Sunshine streamed brightly through the wide-open cathedral doors as the faithful joyfully filed inside after patiently waiting in the long lines outside.

“I welcome all of you and thank you—thank you for who you are and what you do for Jesus and His Church,” Cardinal Dolan said, acknowledging in particular the many present “who are essential to the work of the Archdiocese of New York,” to the work of expanding “the message, the mystery, the life and power of the resurrection through the Church.”

He recognized those new Catholics who had just come into full communion with the Church at the Easter Vigil on Saturday, some of whom returned to the cathedral for Easter Sunday Mass.

After asking the former catechumens and candidates to stand so the rest of the assembly could acknowledge them, the cardinal offered hearty congratulations in honor of their “first full day as a Catholic.”

Among the concelebrants were Auxiliary Bishop Dominick Lagonegro and Msgr. Robert Ritchie, the cathedral rector.

To further illustrate the Easter message, the cardinal recalled that at Easter a year ago, he learned that his then-1-year-old- grandnephew Charlie had spoken his first word. The youngster reportedly resounded an adamant “No” when told he would have to share his Easter candy with his cousins who were joining the family later in the day.

Although amused by his grandnephew’s word choice, “no,” the cardinal reminded the congregation, “is a word most inappropriate on Easter Sunday morning because this is the day when God our Father thundered, thundered out a ‘Yes, yes, yes,’ to everything that He intended for creation and His creatures.”

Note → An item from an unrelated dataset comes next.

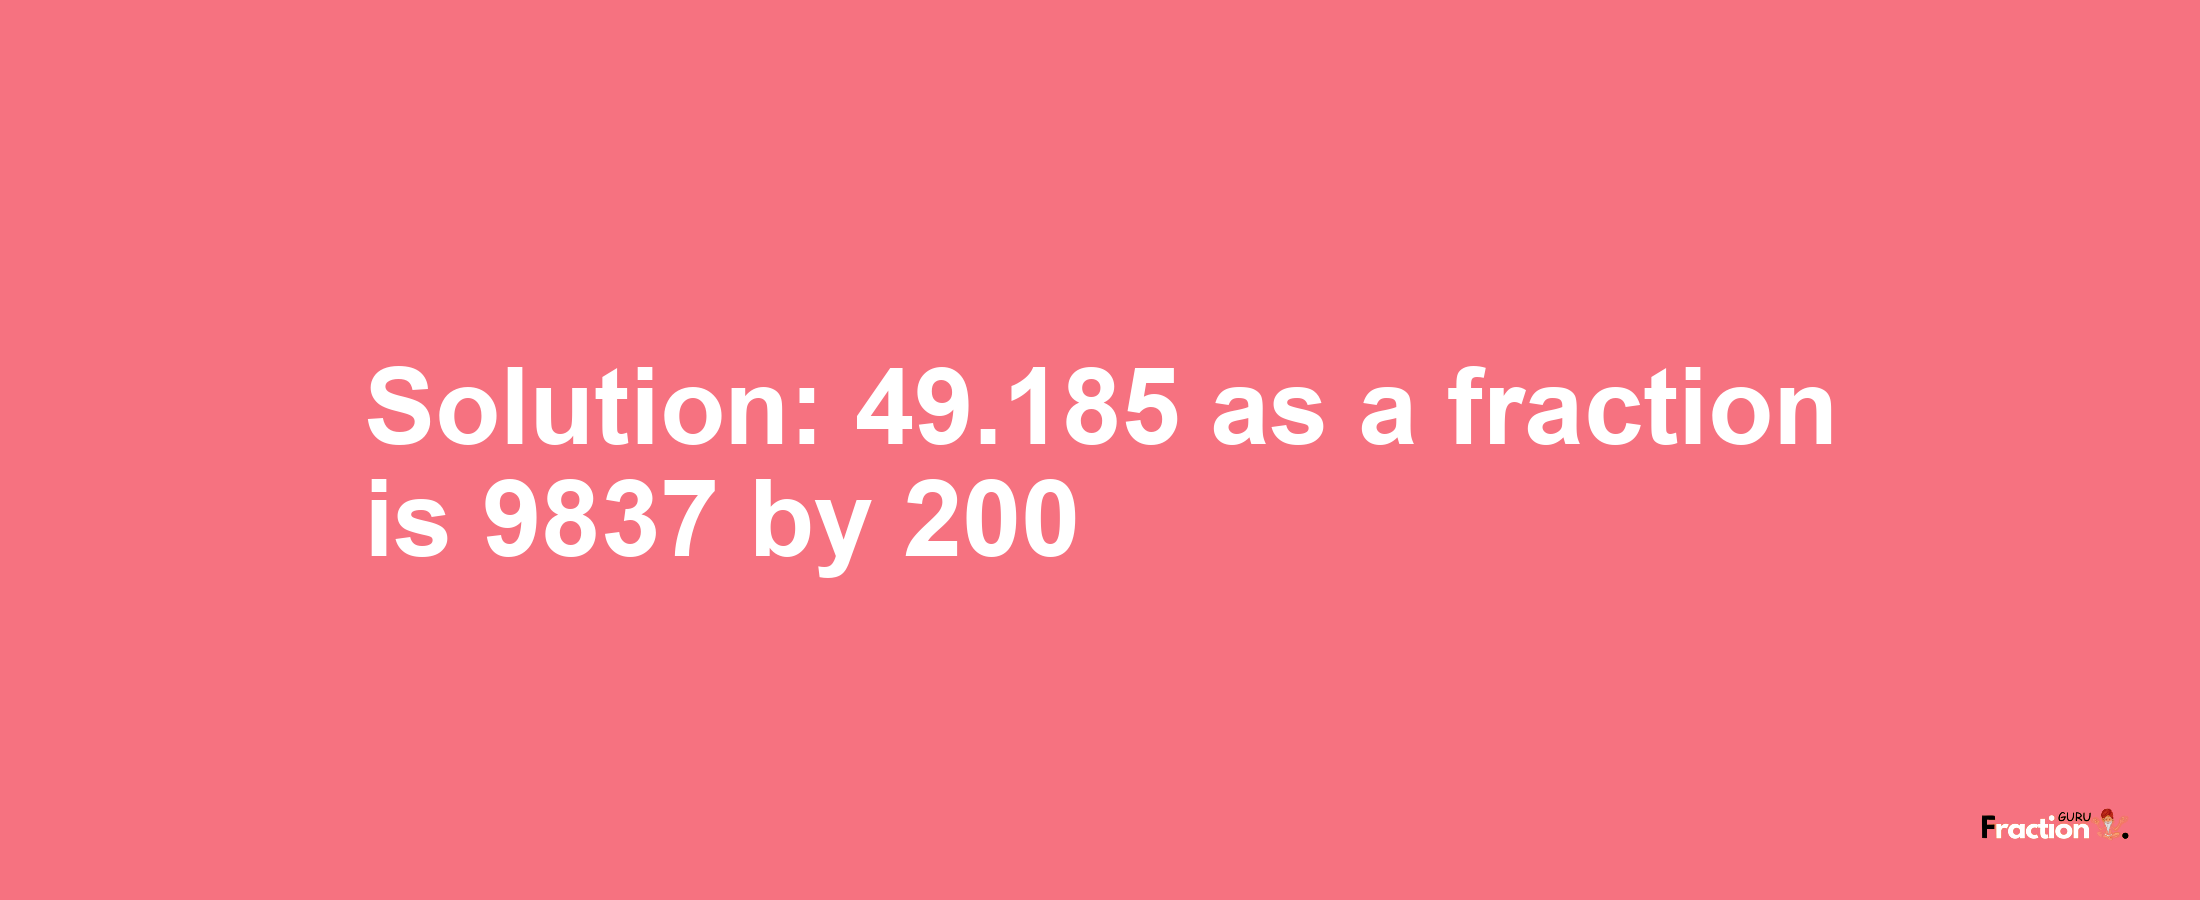 Solution:49.185 as a fraction is 9837/200

“This is a day of ‘yes,’ not of ‘no.’ Good Friday was a day of ‘no’s,” a day that Jesus’ followers had, perhaps, been tempted to think that ‘no’ was going to be the last word, the cardinal continued, as it was “a day of death, a day of lies, a day of darkness, a day of evil, a day of defeat, a day of ‘no.’”

Although God had said “yes” from the beginning, He gave man the free will to say “yes” or “no,” the cardinal added. “From the beginning, unfortunately, we had used our free will to say ‘no.’ We call that sin. But He would not take ‘no’ for an answer.”

Even at the Crucifixion on Good Friday, when man said “no,” He would not accept “no” for an answer, the cardinal said.

“This,” Easter Sunday, “is the day that God our Father says ‘yes’ to everything that is good and true and beautiful and noble and life-giving and freeing in the human project.”

The cardinal conceded that man can, at times, be tempted to think that life “is one big, long string of Good Fridays. We sense a lot of ‘no’s’ in the world today, do we not?”

Being people of realism, “we don’t run away from all of those ‘no’s,’ but we’re also people of hope who realize that ‘yes, yes, we’ll triumph,’” the cardinal said.

“Easter always is victorious over Good Friday.”